(Provided information begins)
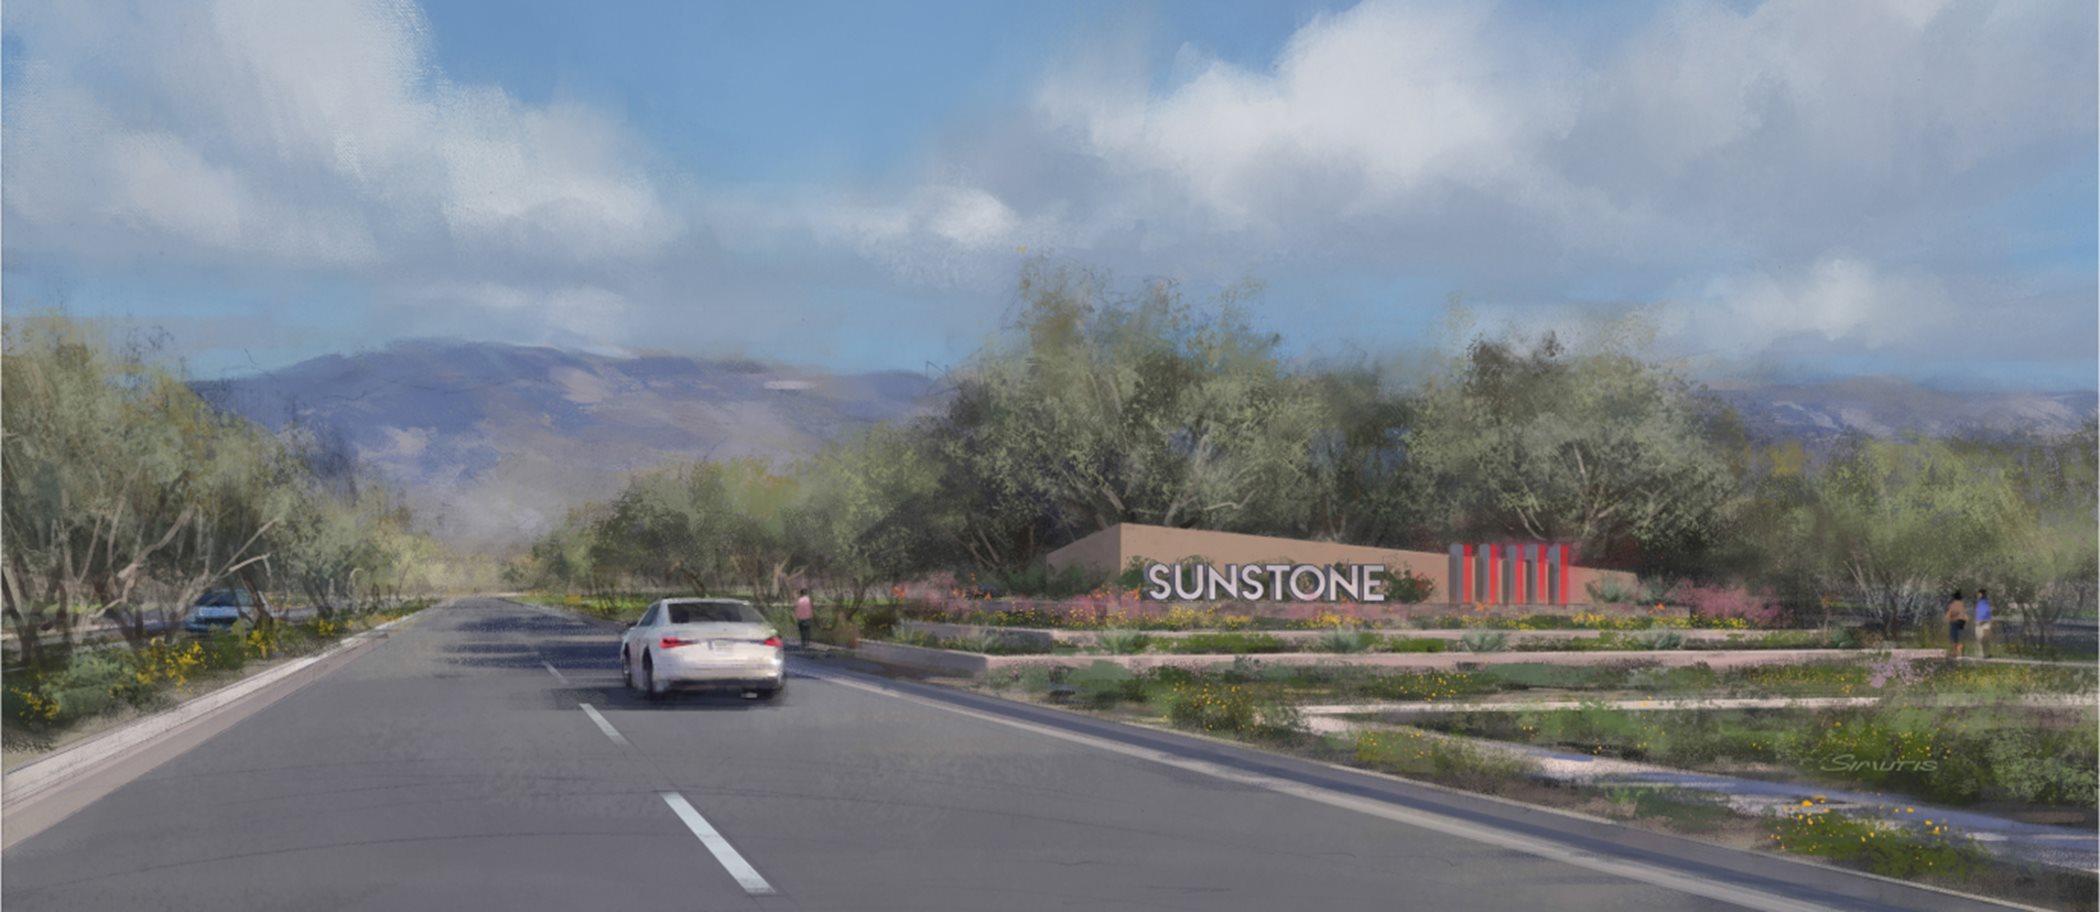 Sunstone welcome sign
(Provided information ends)
(Provided information begins)
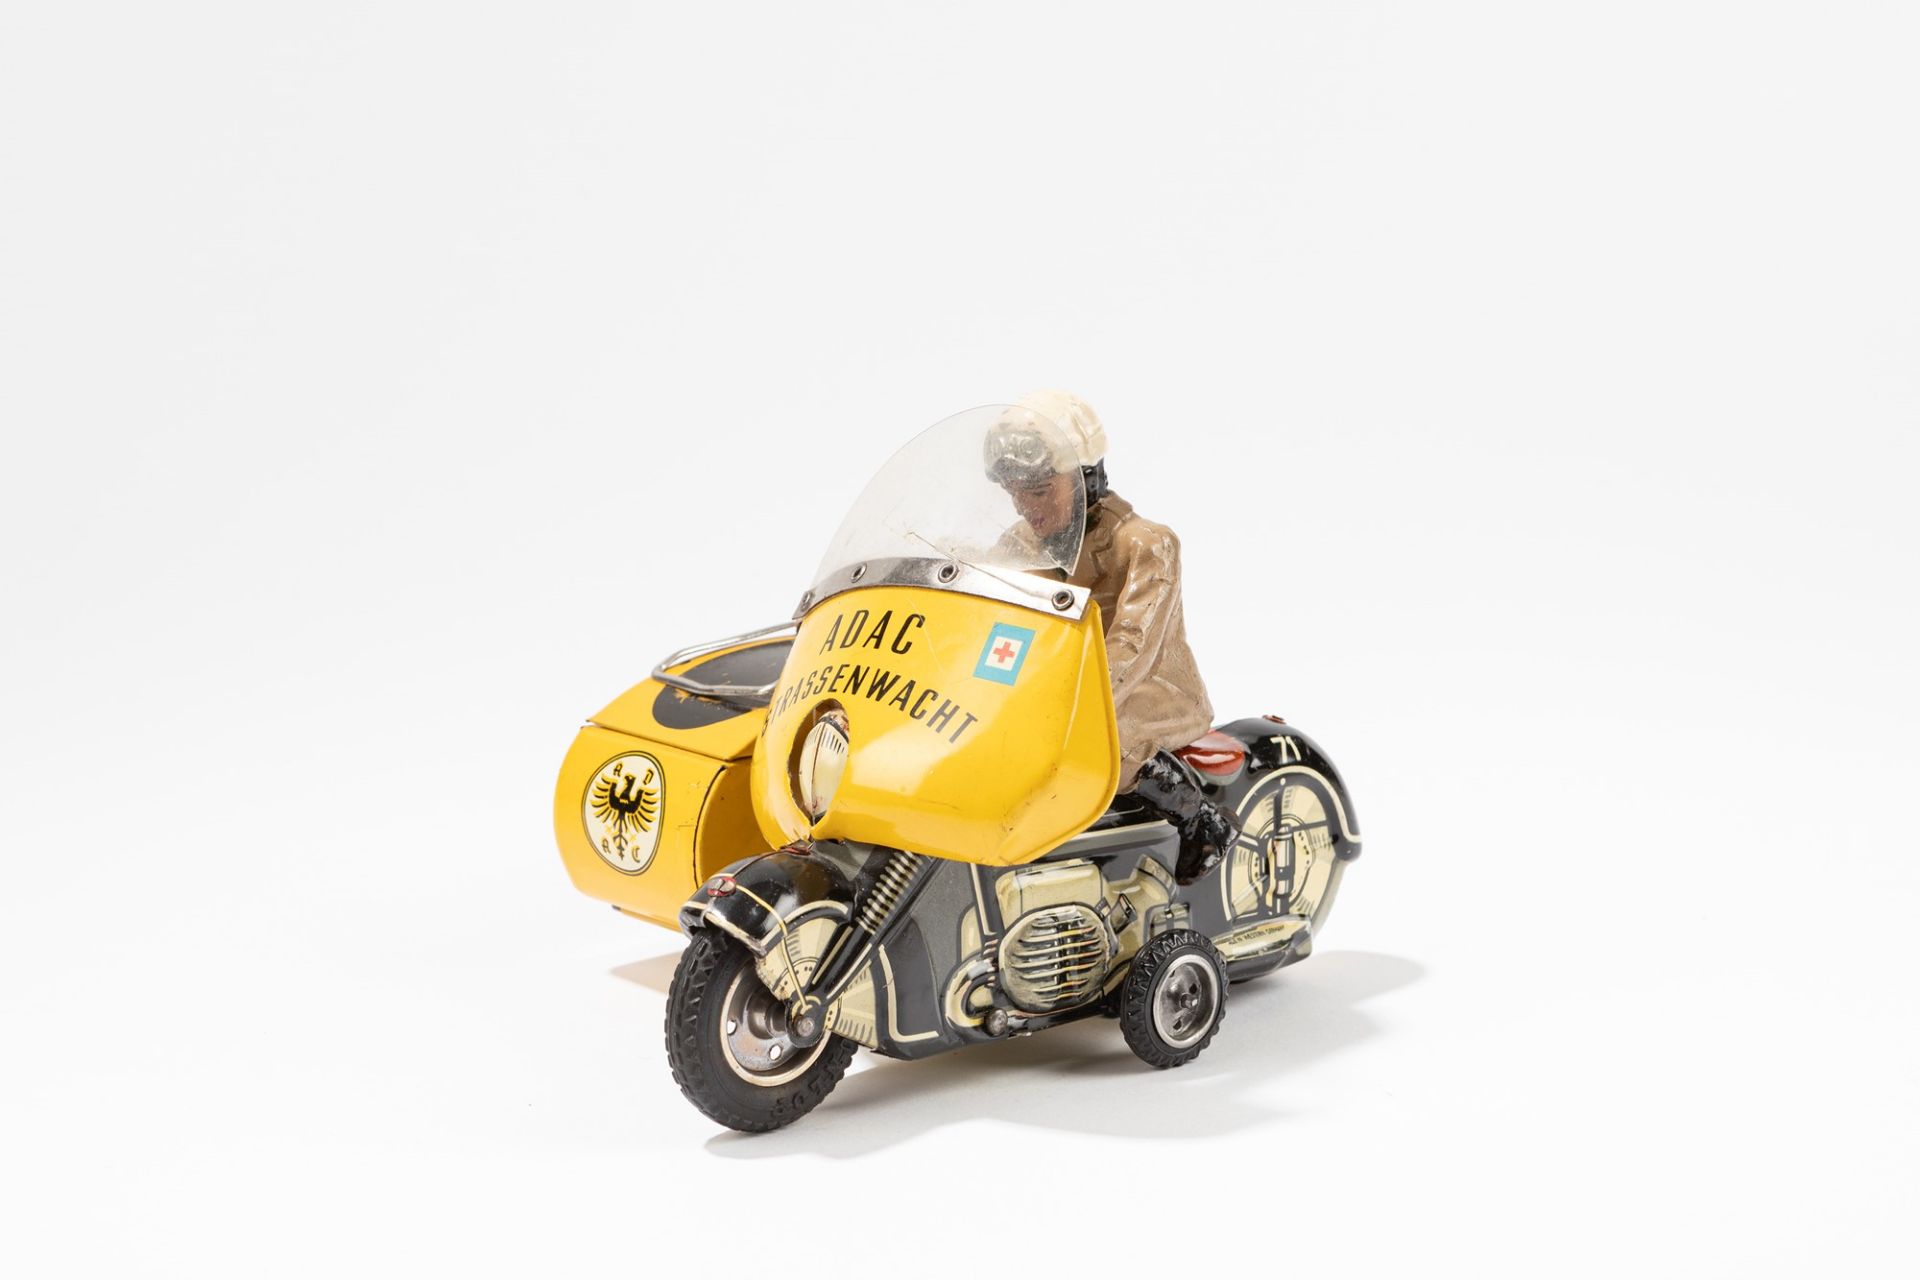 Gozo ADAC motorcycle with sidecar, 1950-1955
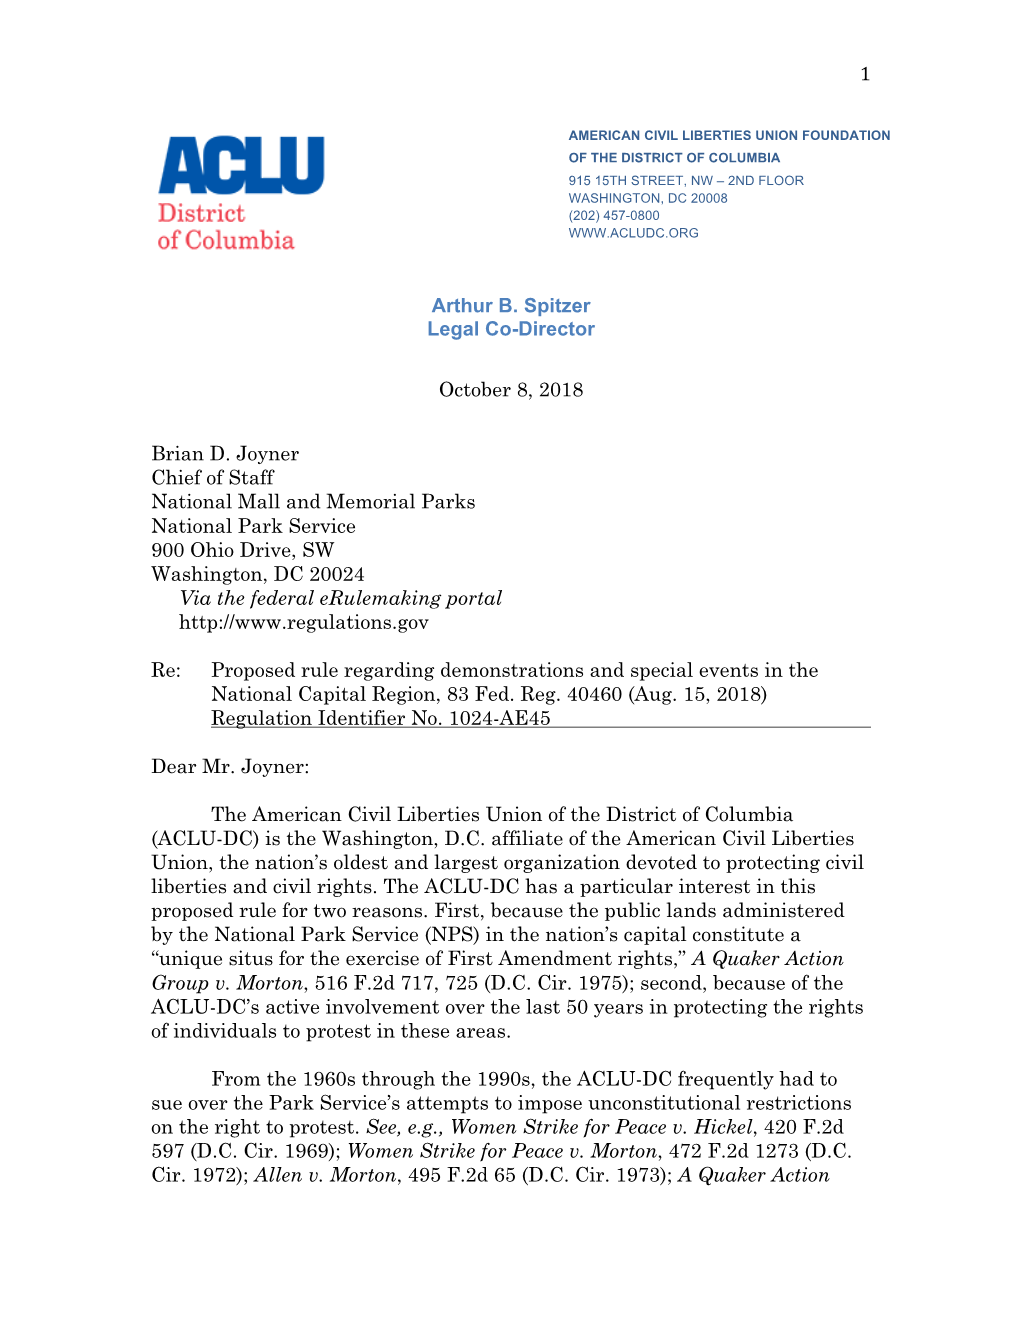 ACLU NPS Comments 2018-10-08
(Provided information ends)
The task
With the pictures removed from your copy, retype the lines above from the one that contains "Gozo ADAC motorcycle with sidecar, 1950-1955" through the one that contains "ACLU NPS Comments 2018-10-08", exactly.

Exercise answer
 Gozo ADAC motorcycle with sidecar, 1950-1955
 ACLU NPS Comments 2018-10-08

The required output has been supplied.